Евгения ВАРЕНКОВА. Два рассказа: "Свет в окошке" и "Мой папа Мик Джаггер".

Свет в окошке

Девчонка у меня есть, Джинни зовут. Девчонка, что надо, скажу я вам, серьезная девчонка. Симпатяга – сама маленькая, тоненькая, а глазищи серые и огромные. Она у меня молодец. Как это объяснить? Вы бы слышали, как она разговаривала с моим стариком.
Отправились мы с Джинни на той неделе в клуб, да там так погано было, что нам стало невмоготу, и мы среди ночи ушли. Ну, и пошли гулять. А мороз, снег валит, у Джинни нос покраснел, идет, в ладошки дует. Вот я и потащил ее к себе греться. Она, конечно, упиралась, говорила, что поздно, неудобно. Пришлось пообещать, что часок посидим, а потом я отведу ее домой.
Пришли ко мне. Все спят, тишина. Как мыши пробрались на кухню. Сидим. Только я налил чай, заходит мой старик в халате и тапочках. И вздрогнул, вроде, как испугался от неожиданности. Свет включил.
«А! – говорит. - Это ты» - можно подумать, он ожидал увидеть кого-то другого. Френка Синатру. «А что вы в темноте-то сидите?» - и на Джинни смотрит внимательно.

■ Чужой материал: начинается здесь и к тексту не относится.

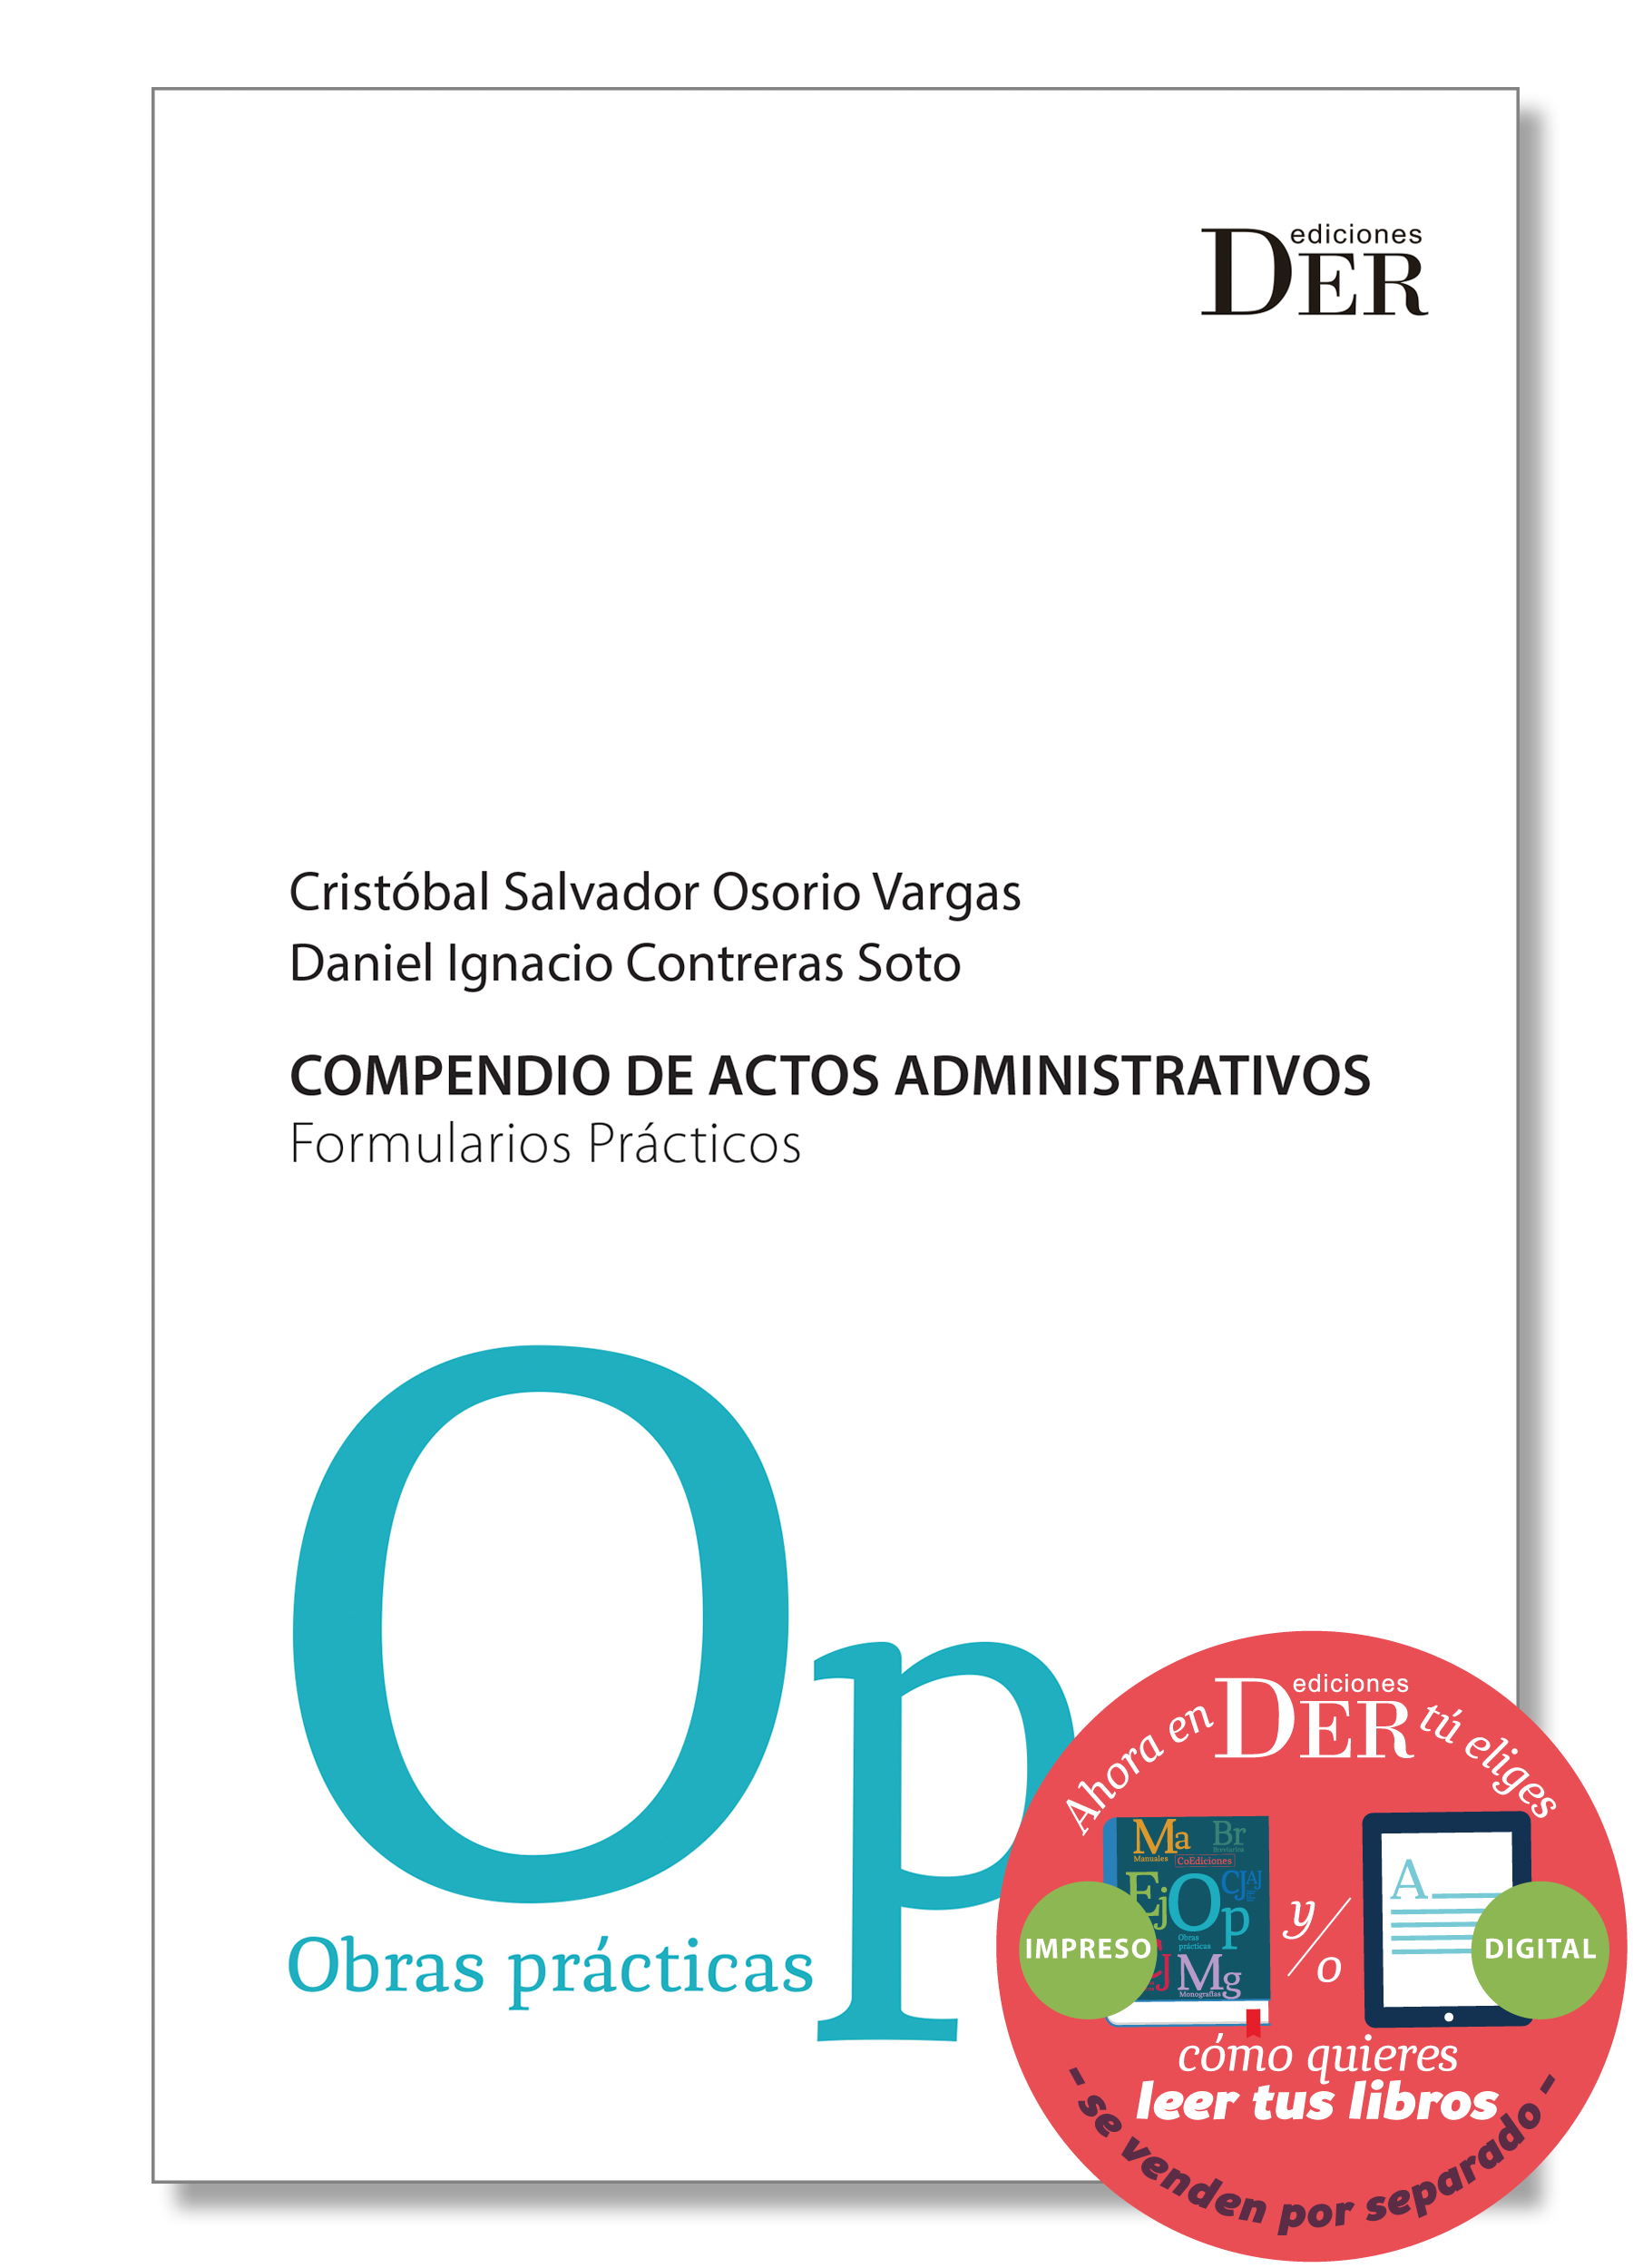 DER Ediciones - Editorial Jurídica - Libros jurídicos - Libros de derecho

А она сидит прямая, серьезная ужасно и говорит ему:
- Здравствуйте, сэр.
- Это Джинни, - говорю я, - а это папа.
- Понятно – отвечает отец, - Не спится мне чего-то, может, по маленькой? – достает из шкафа бутылку бренди и наливает себе, мне, а потом наливает третью и протягивает Джинни.
- Или не пьете? – а сам хитро прищурился.

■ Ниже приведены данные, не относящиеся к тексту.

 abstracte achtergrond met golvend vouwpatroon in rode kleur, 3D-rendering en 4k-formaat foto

- Не пью, но с вами с удовольствием выпью, сэр. Ваше здоровье! – чокнулась со стариком и прямо так всю рюмку и замахнула, даже не зажмурилась. Отец озадаченно крякнул, выпил, закусил. Задумался, закурил, потом спохватился и протянул пачку Джинни. А она говорит:
- Нет, сэр, не курю. Спасибо.
- Что так?
- Мне ведь еще детей рожать.
- Тут старик аж закашлялся! Больше он слова не произнес, только сидел, курил и с Джинни не сводил глаз. На следующий день он мне сказал, чтоб я на ней женился. Тоже мне, указчик. Как будто я сам не разберусь, на ком мне жениться!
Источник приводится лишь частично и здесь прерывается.